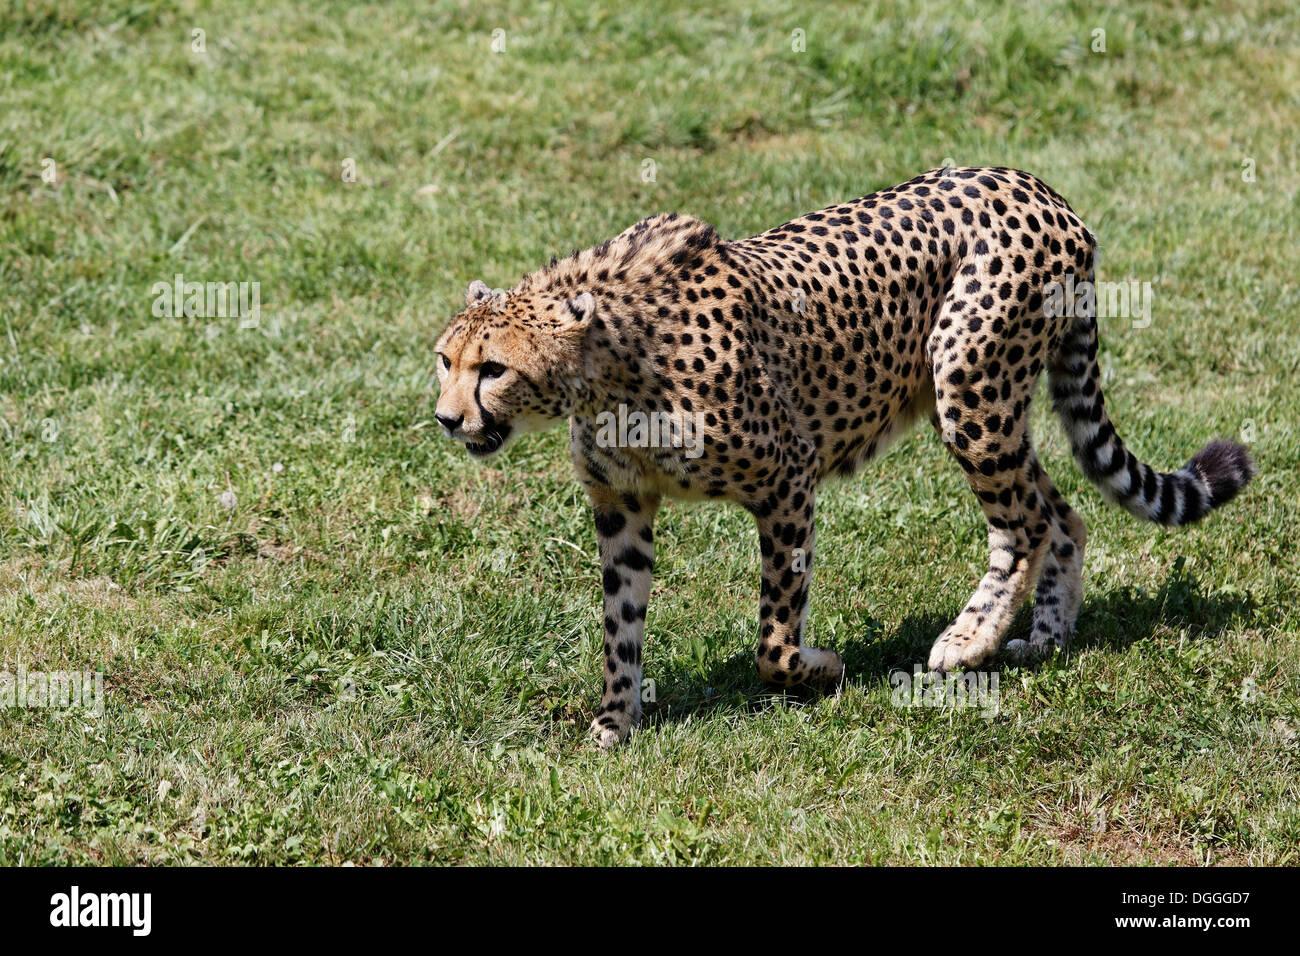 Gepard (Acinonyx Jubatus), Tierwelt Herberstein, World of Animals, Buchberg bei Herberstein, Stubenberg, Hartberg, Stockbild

• • •

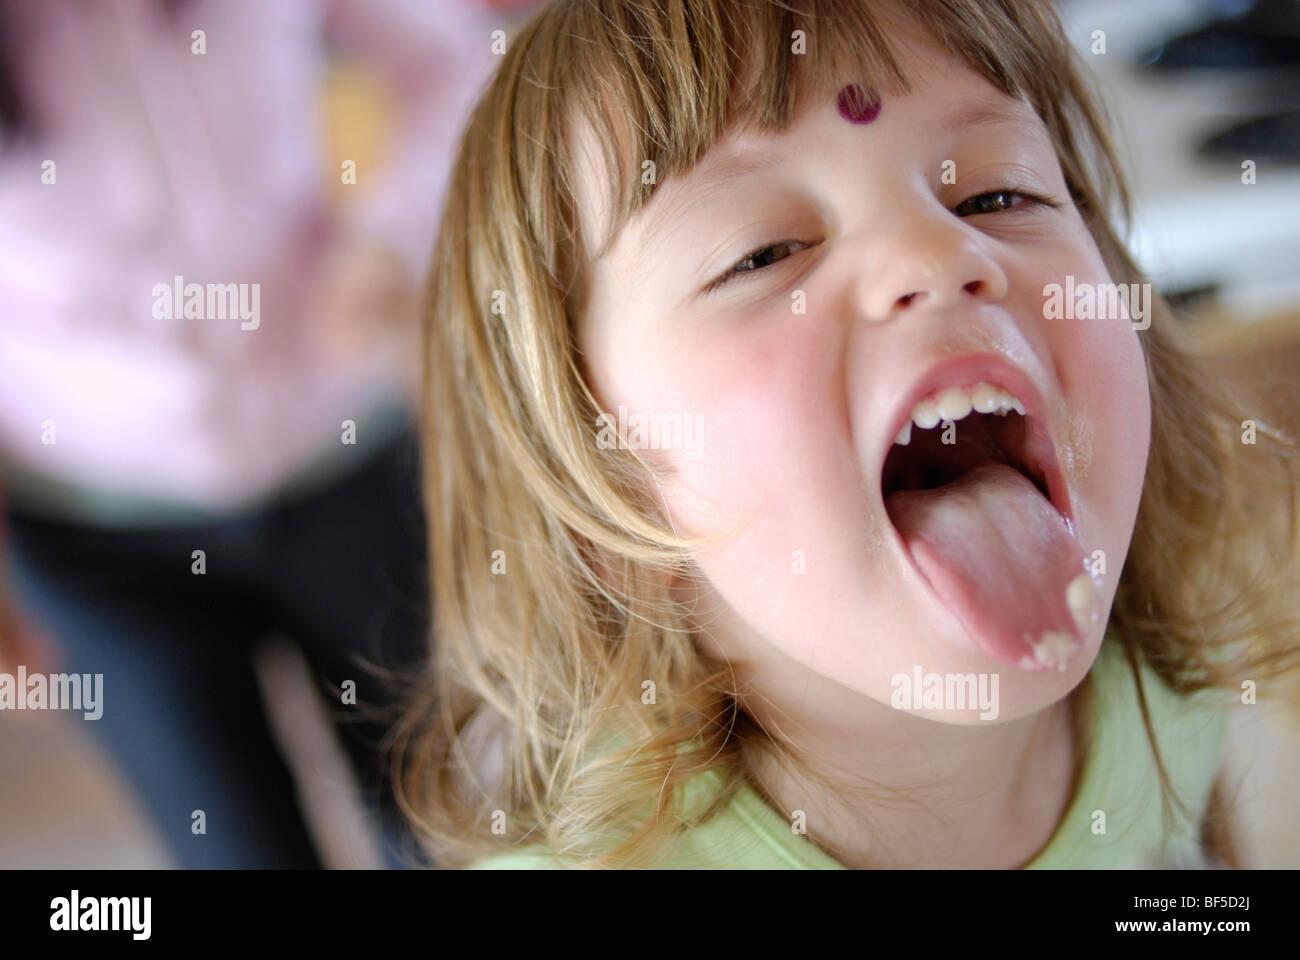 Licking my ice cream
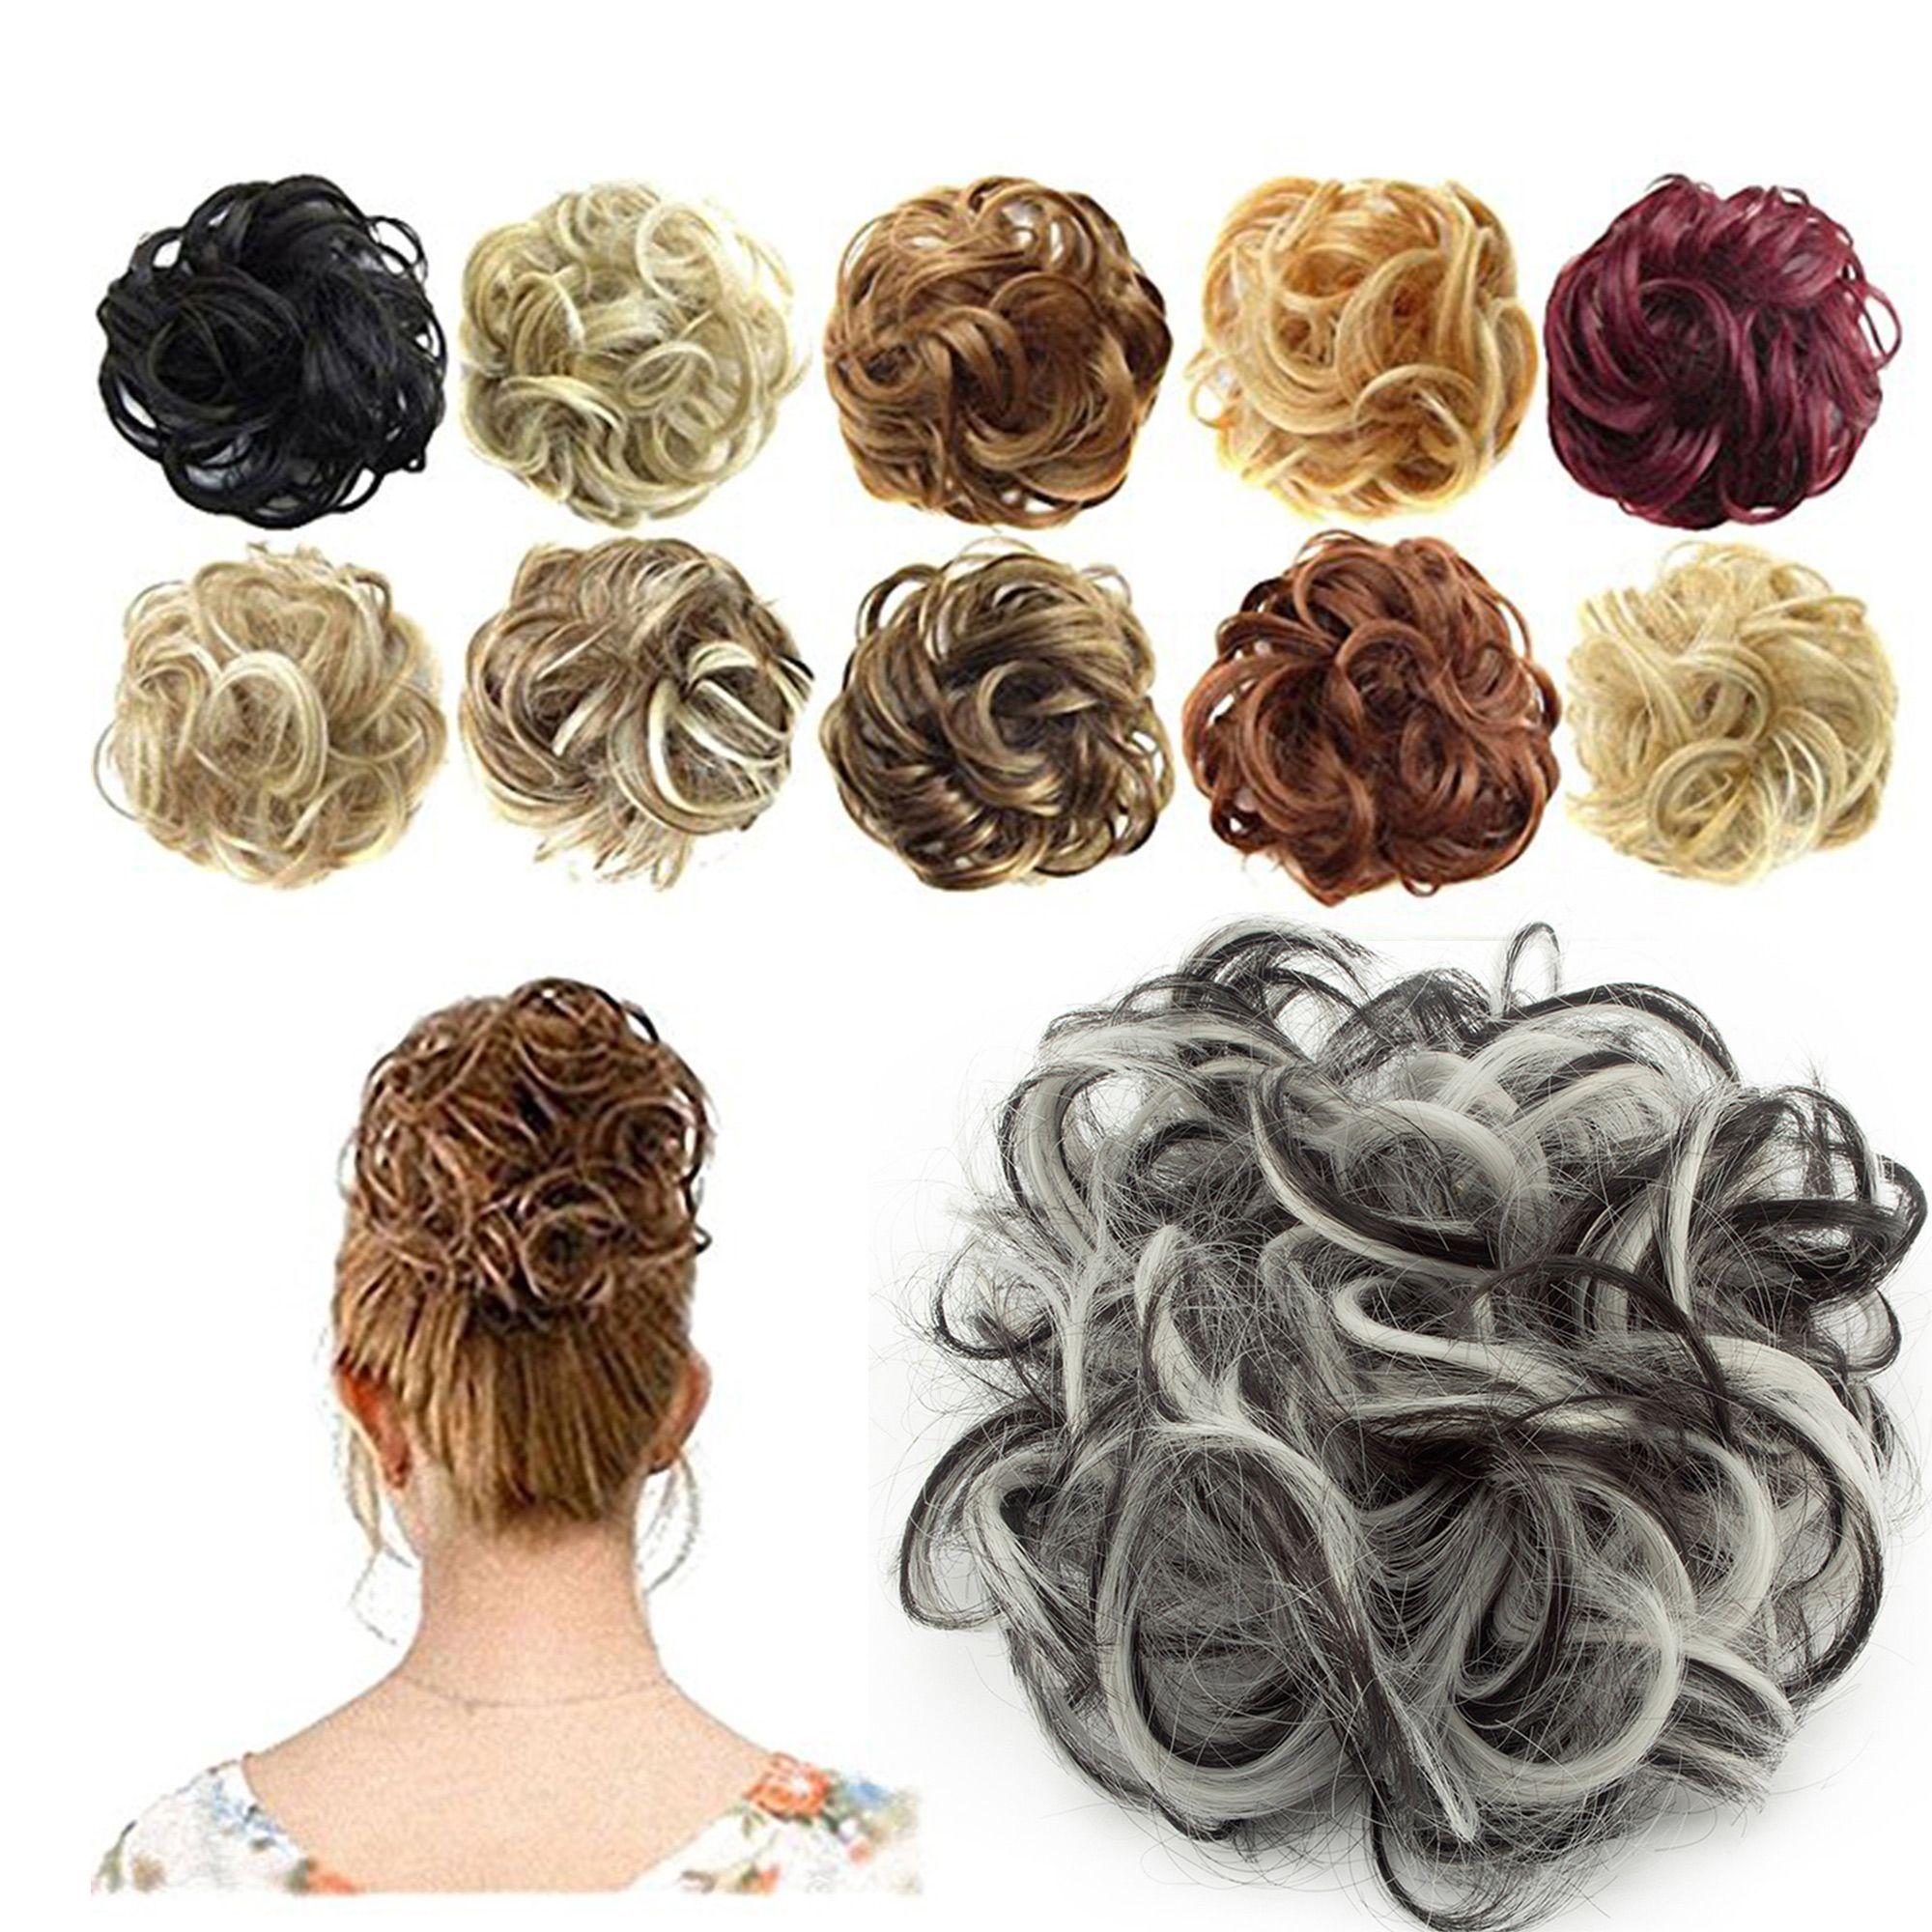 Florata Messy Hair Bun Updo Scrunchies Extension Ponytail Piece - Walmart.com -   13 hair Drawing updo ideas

• • •

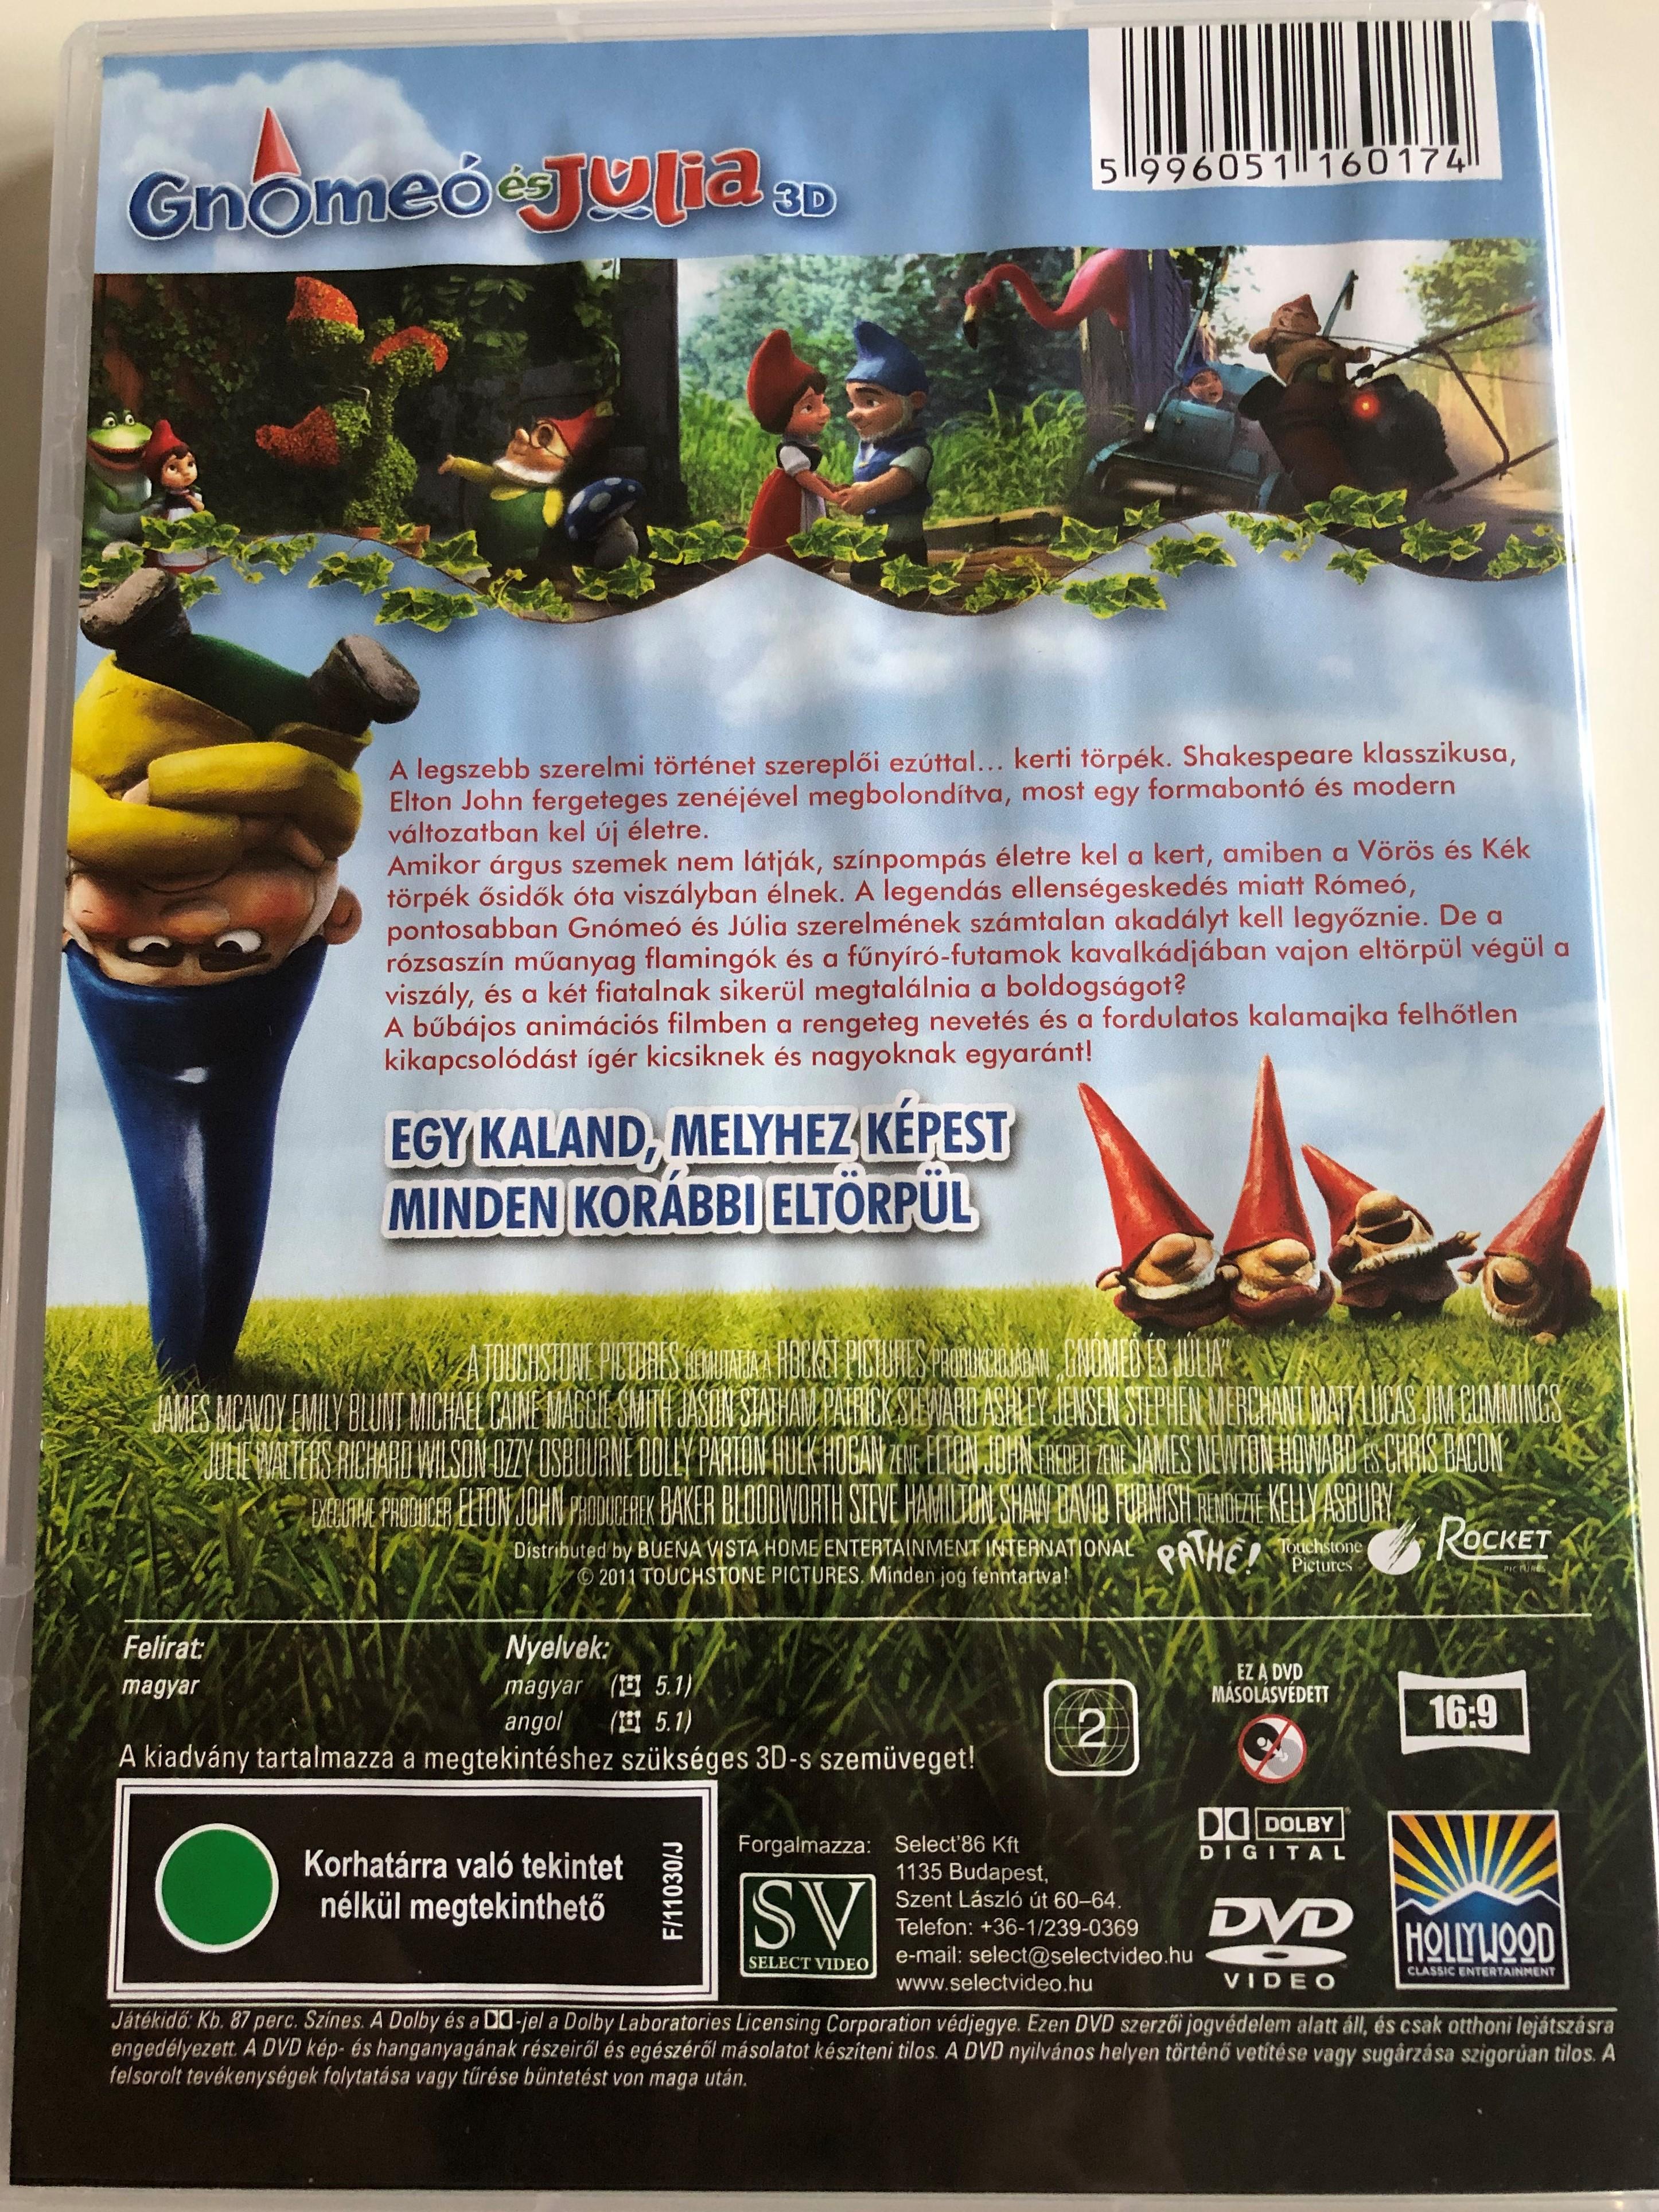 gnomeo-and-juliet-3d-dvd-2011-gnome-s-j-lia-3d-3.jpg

• • •

#### [Prompt]
Your answer should be the lines above, word for word, from the line with "Licking my ice cream" through the line with "Florata Messy Hair", minus the pictures.

#### [Answer space]
 Licking my ice cream
 Florata Messy Hair Bun Updo Scrunchies Extension Ponytail Piece - Walmart.com -   13 hair Drawing updo ideas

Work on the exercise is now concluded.